Richard Seddon, known as "King Dick", was born in England, and arrived in Hokitika in 1866, via Australia, to work the goldfields. After opening a store, Seddon then expanded his business to include the sale of alcohol and became a publican. His involvement with politics began with local boards, and then the local council, before becoming mayor of Kumara in 1874, and successfully running for Parliament in 1879.

Seddon was Premier of New Zealand from 1893, and died in office in 1906. Two years later, the Seddon Memorial Committee in Hokitika proposed to the Hokitika Borough council to erect a statue in his honour. Funds of £580 were raised through public subscription, and William Parkinson (of W. Parkinson & Co, Monumental Masons) of Auckland commissioned to produce the statue. Unusually for the time, the statue was produced in New Zealand, rather than overseas. Parkinson had previously, in 1902–03, designed and built the Hokitika Clock Tower to great public satisfaction.

The Government Buildings then being designed by the Government Architect John Campbell were set back 20 ft to allow room for the statue.

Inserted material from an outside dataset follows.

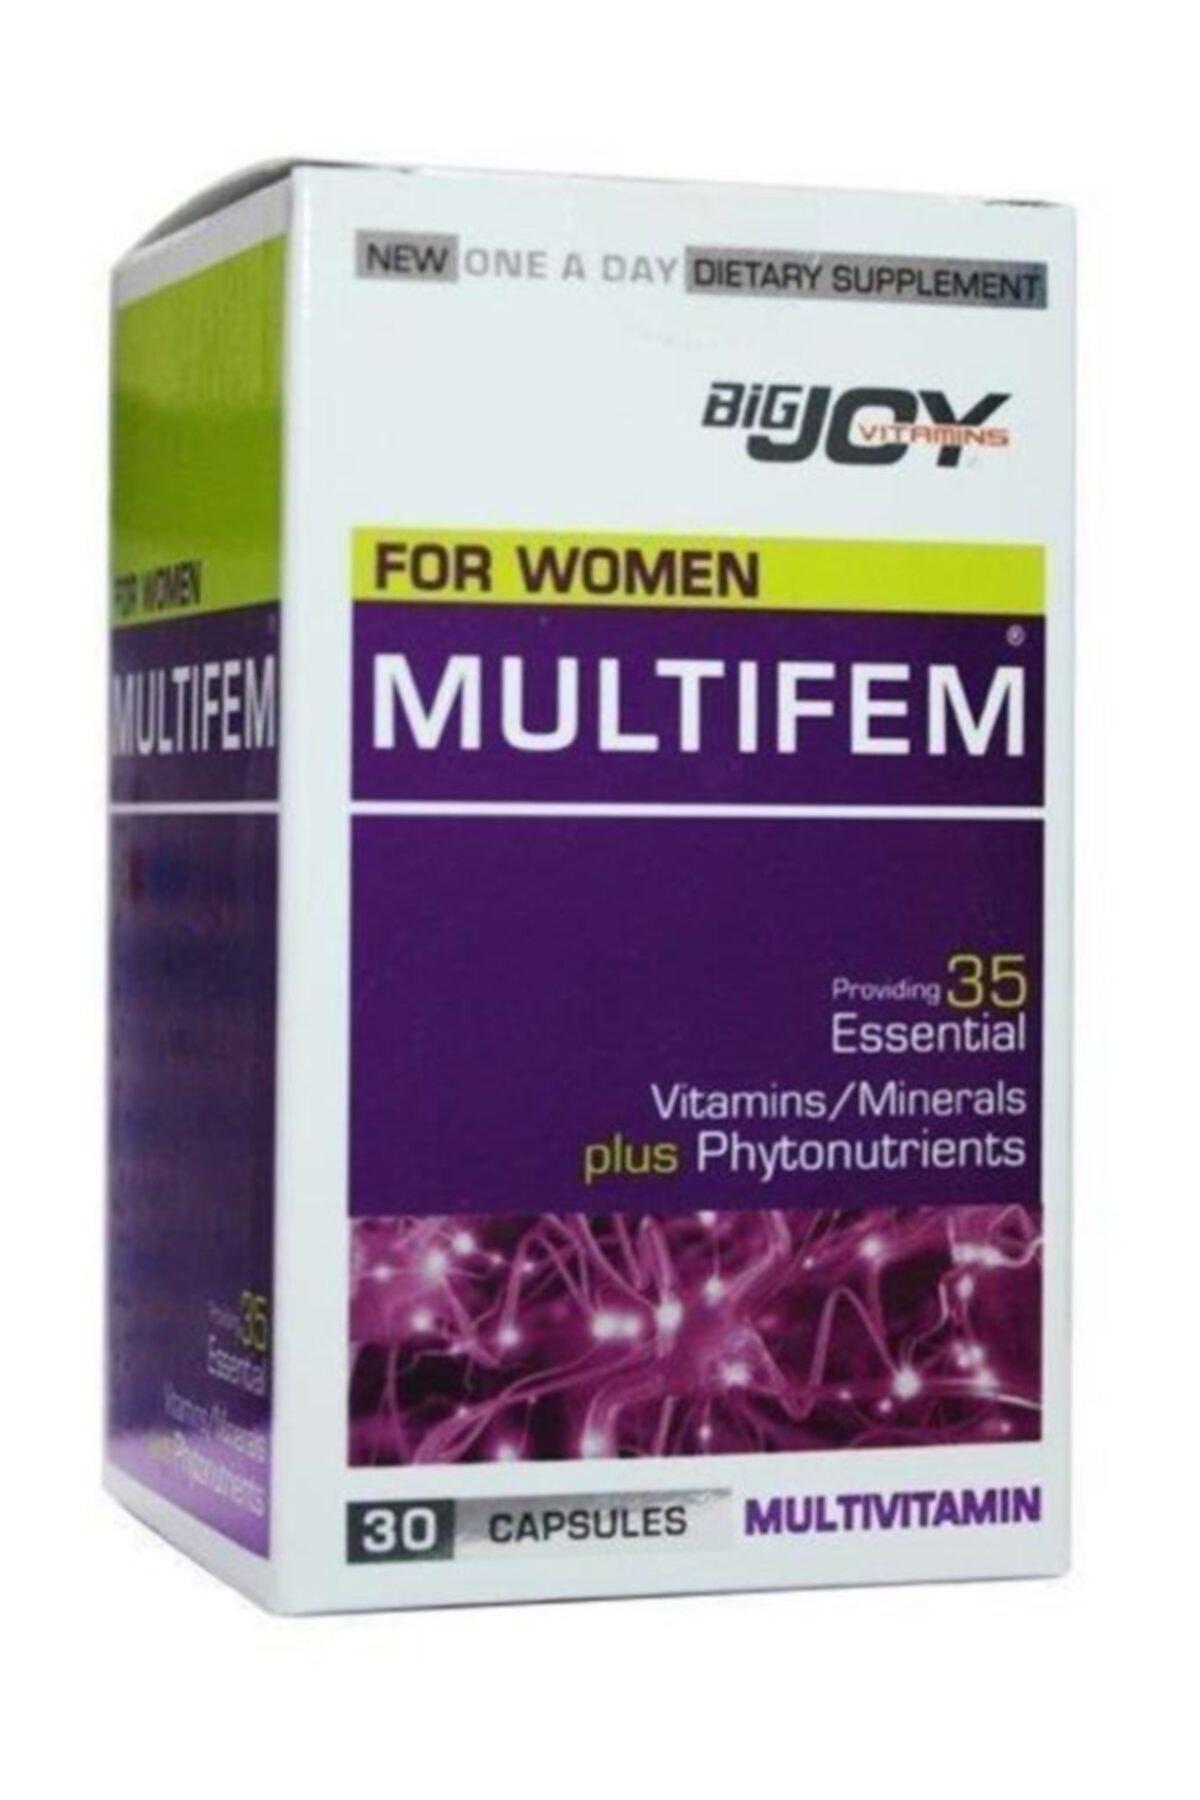 Big Joy Multifem Multivitamin 30 Kapsül 1

On 25 May 1910, the statue was unveiled outside the Government Buildings in Hokitika. Thomas Joseph Mcguigan as chair of the memorial committee spoke first. The main speaker was Joseph Ward, the premier who had succeeded Seddon. Henry Michel, the mayor of Hokitika, spoke next and accepted the statue to be taken care of by Hokitika Borough. Tom Seddon, who had succeeded his father as representative of the Westland electorate, was the last speaker and, on behalf of his family, he thanked the people of Westland for their generosity of having fundraised for the statue. The inscription below the plinth reads: Richard John Seddon / P.C. L.L.D / Represented Westland in Parliament 1879–1906 / Prime Minister of New Zealand 1893–1906

Wreaths were laid on the thirtieth anniversary of Seddon's death.

== Ownership ==
The Government Buildings and statue were both advertised for sale in 1993, which attracted national attention, and led to the continued public ownership of the statue. Despite a proposal to move the statue to another location in Hokitika in 1994, the statue remains in its original site.

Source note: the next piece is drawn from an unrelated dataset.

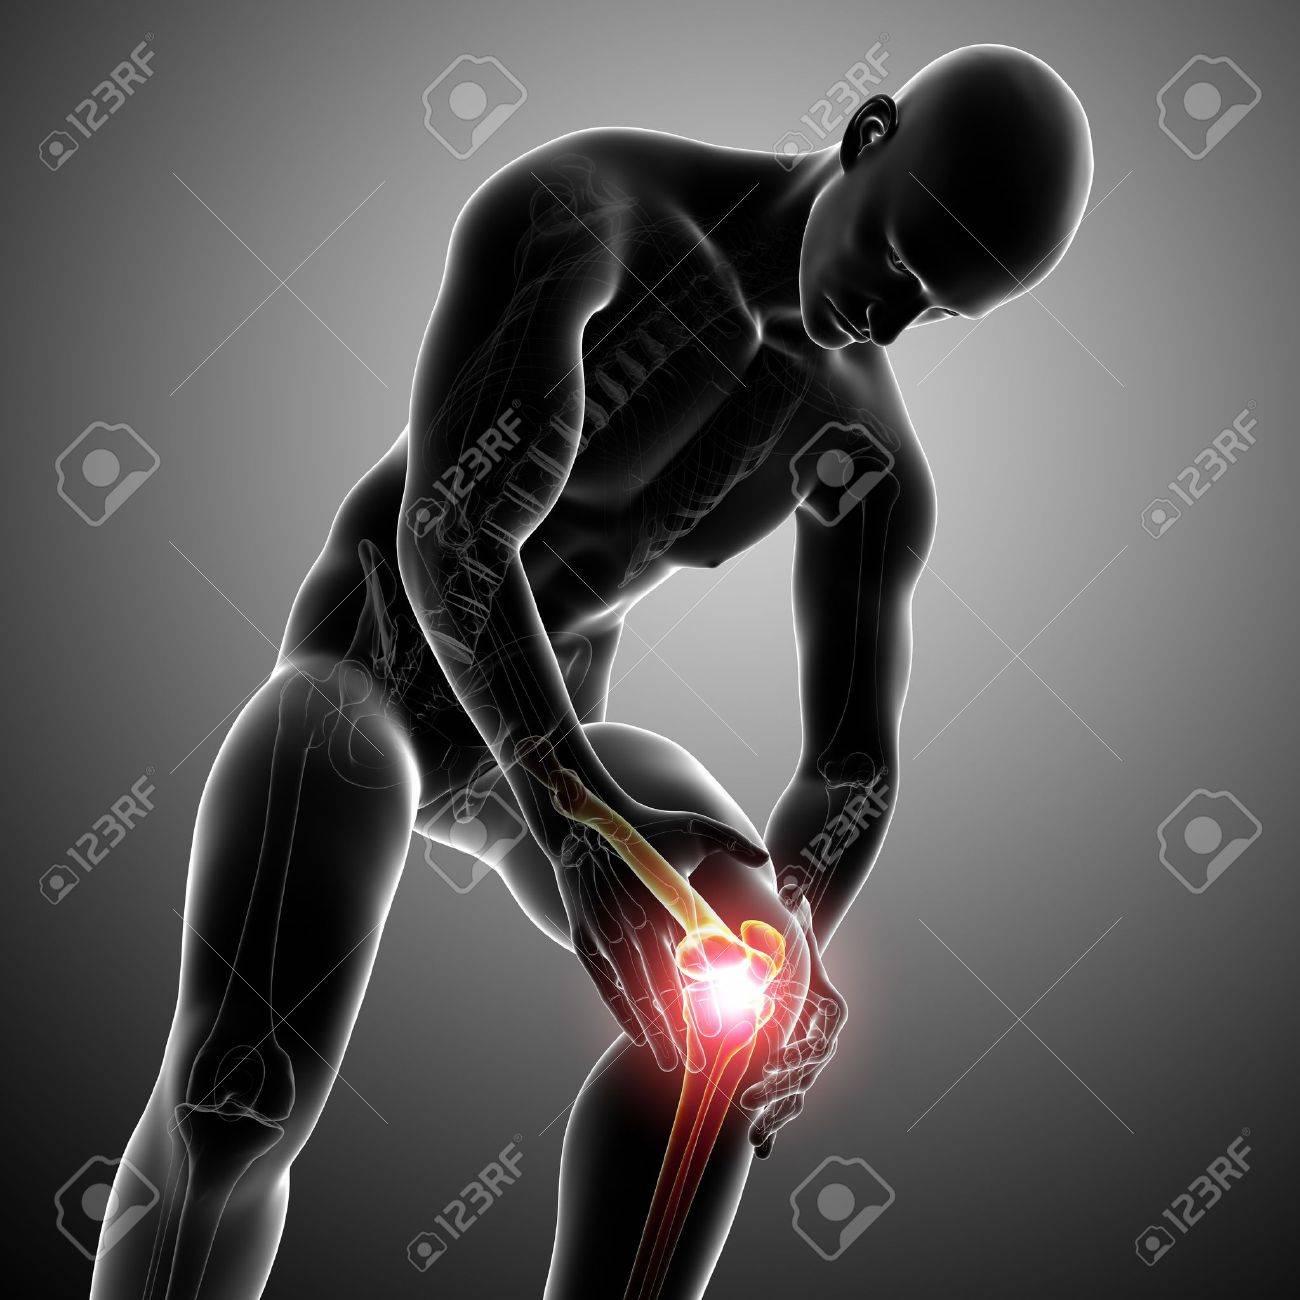 Anatomy of male knee pain in gray Stock Photo - 13757775

The statue was registered by the New Zealand Historic Places Trust as a Category I item in June 1990, with registration number 4995.

== Significance ==
There are around six monuments erected to Seddon throughout New Zealand, but only two of them, this one, and the one by Sir Thomas Brock outside Parliament House, Wellington, resemble the man himself. According to the Historic Places Trust, the Hokitika statue is "a fine example of the realistic style of sculpture developed in Victorian times".